TS: What’s fascinating about Redfield’s work, and that of his contemporaries, is that there is a kind of holism, a strong desire to integrate science with religion, medicine, and ethics (however questionable those may be in a contemporary context). There is also a degree of self-awareness about the difficulty of such a task. A measure (excuse the pun) of such self-awareness might benefit some of the more disturbing applications of computer vision.

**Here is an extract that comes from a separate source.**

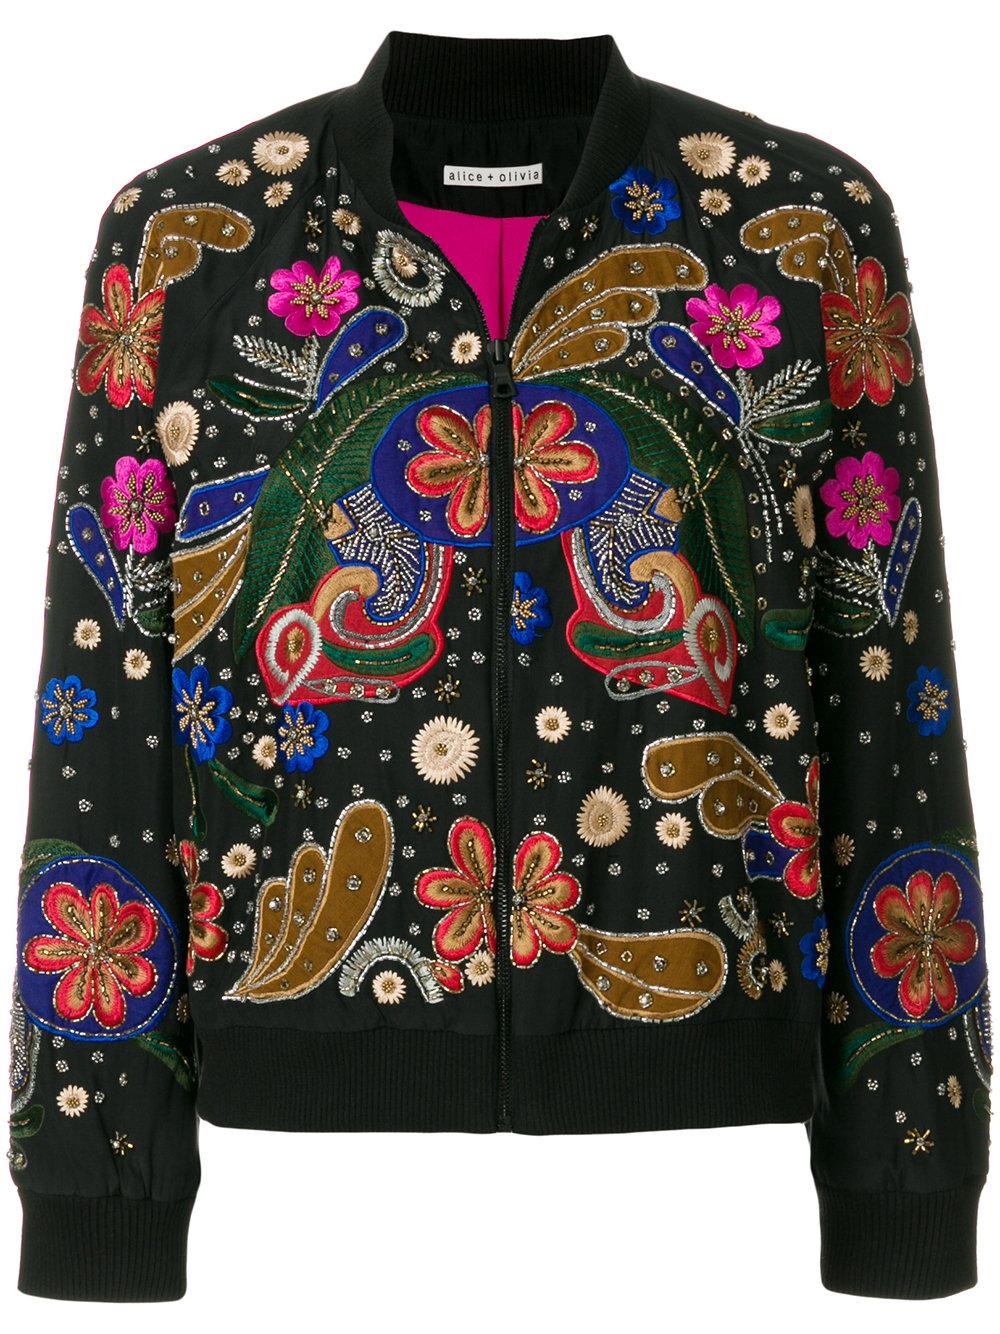 ALICE+OLIVIA bomber jacket - $795

What has me_asure been saying about you so far?!
JB: Time and time again it says that we have the faces of accomplished artists, albeit ones with a high sense of self-importance [laughs]. More seriously, we intend this piece to pose a number of questions about the validity of such approaches, be they Victorian or contemporary, and to point to our apparent need to see ourselves reflected back as a certain sort of person, and measurably so.
TS: What surprised me is that the more the work developed, the more I started to give credence to the categories applied to me, despite the fact that the work is, of course, intended as a critique of the idea that you can categorise people. In that sense, what is says about me is that I’m very, very impressionable.
How does me_asure link to your work on a whole? What themes do you tend to explore as digital artists?
JB: I am not straightforwardly a digital artist. I am interested in how the digital interworks with other media and materials and am very attracted to historical pieces to bring these issues out. I often work as a sound artist and music improvisor, and one of my ongoing projects I call The Victorian Synthesiser. It’s an attempt to make a minimalist electronic musical instrument using techniques which were known to the Victorians, so it’s not a digital project in terms of the materials it is made from. However, that I am doing this now, and that I perform with The Victorian Synthesiser alongside laptops and other digital paraphernalia is an attempt to raise the questions about these different media and materials and how they can be rubbed up against one another.
Me_asure very much sits in this space of different media, with linkages in to the history of science, and offers a gentle nudge to think about these topics politically. me_asure has also become a bit of a literary project. We have become fascinated with the literary character of the language used by the physiognomists and phrenologists we have studied, and me_asure does some modest graphical experiments with the presentation of text drawn from Redfield’s work. I think these are concerns that I share with Tom and this is the first of a number of collaborations we plan along those lines.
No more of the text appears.